Montag früh berief er sie in das Büro, brach alles ab. Durch die Maske des gleichgültig gehaltenen Gesichts stieg von unten tief das Lächeln herauf. Gab Daisy von sich. Entfernte sie aus eigenem Entschluß. Löste sacht die Ventile von ihr, gab dem nach, was herausbrach, trieb Mauer und Wand zurück und bog sie hinter das draußen Strömende und Lockende zu einer tiefen Wölbung, in die er schmiegte, was aus ihr drang. Diktierte nicht. Folgte nur. Aber die Führung der Hand hatte die wissende Lindheit, die, nachgebend, bestimmt. So, als sei sein Plan, sein Wille, was er nur abbog, behütete. Widerlegte Widersprüche, die sie nicht erhob. Bewies Notwendiges, das sie nicht bezweifelte.
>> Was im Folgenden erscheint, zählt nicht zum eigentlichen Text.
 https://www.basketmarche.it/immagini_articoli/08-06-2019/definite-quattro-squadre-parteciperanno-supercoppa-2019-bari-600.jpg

Baute eine Verbindung, die nichts mehr löste zwischen ihm und ihr, indem er verstand und folgte, und das Kindliche, als es abtrieb, selber abhieb und damit unverlierbar sich gewann.
Als der Tisch beim Speisen ihr zur schrägen Scheibe ward, durch den Raum rotierte, Fidleys Pensionen, Schecks, Tips sie umflackerten, das Silber flimmernd wellte, wogte, Sygs Auge schmerzlich, neidlos, neugierig
aufging, blieb ihr die Stimme Vaudreuils. Ruhig, gelassen wie im Nebel. Einen Augenblick ertrug sie nicht mehr den trostlosen Schmerz aus der Gefaßtheit des Tons, sie stand auf, wollte sagen, sie bleibe, nickte, schwieg, ging hinaus.
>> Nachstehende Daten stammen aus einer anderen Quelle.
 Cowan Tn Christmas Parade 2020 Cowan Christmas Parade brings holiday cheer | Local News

Sie lief um das Zimmer, betastete die Wand, den Kopf des Betts, die Girlande des Balkons. Der Garten. Wasserdunst lag, hob und senkte sich, ausgeatmet ihr entgegen von der Prärie. Hindurch, das Auto blinkte vor der Halle, stieß sich heraus, die gesiebte, durchlöcherte Brust fauchend, zermalmend die Luft. Sie beugte sich über den Fluß. Murmeln koste ihr entgegen, entzog sich ihr, floß tiefer, entfernter, uneinholbar. Drüben schleuderten am Rand des Vorstellbaren Schiffe, Städte, Bahnen sich vor ihr hin, rissen sie nach. Das Tiefe, Bleibende der Erde zog sie herunter, zu sich. Es ging nicht. Aber es riß zu Schmerz mit einer Stille, die verzehrte.
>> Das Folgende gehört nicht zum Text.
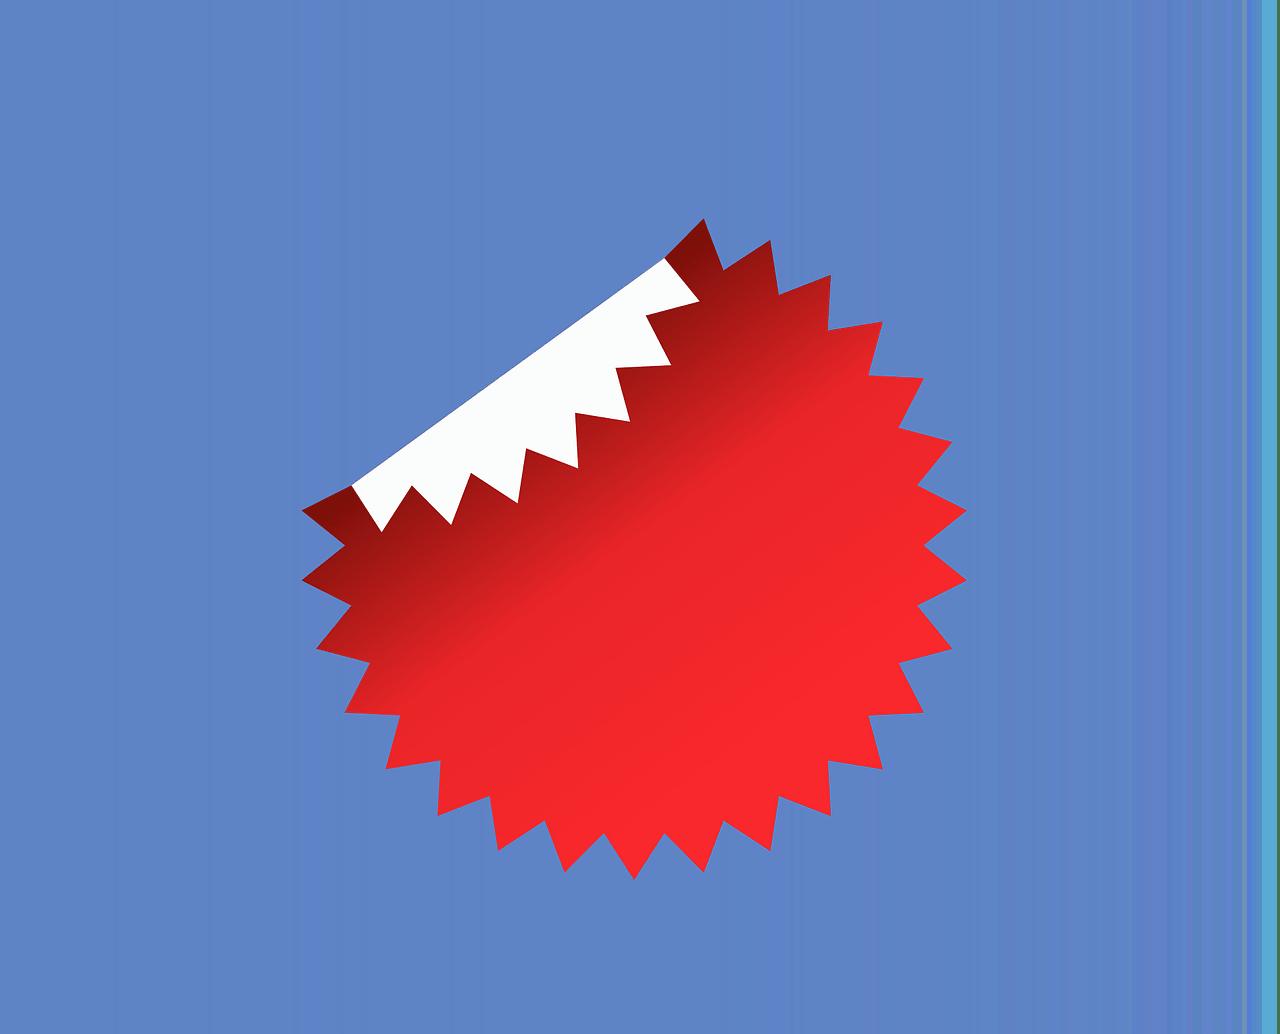 מדבקה

Sie legte sich auf den Bauch, senkte den Kopf zum Wasser. Über ihrem Nacken stand schwingend, kreiselnd in der Luft, aufziehend, Glück, Ahnung, in die sie hineinschwamm, sich hineinbegab, voll, ganz. Unter ihrem Gesicht brachen Tränen. Zwischen beidem lag sie, faßte die Binsen in die Hand. Sie wuchsen an ihrer Haut. Sie fühlte, erschüttert, wie sie sich vertauschte der Landschaft. Ihr Leib wuchs fest mit Geruch und Duft der Erde. Sie faßte das
Gras, riß daran, es hielt. Sie tauchte die Arme ins Wasser, es war eins. Legte das Gesicht mit der Wange gegen den Weidenstrauch, den schlanken Baum, da blieb nichts übrig, was trennte, alles floß, verband sich, gehörte zueinander. Was trennte, riß entzwei.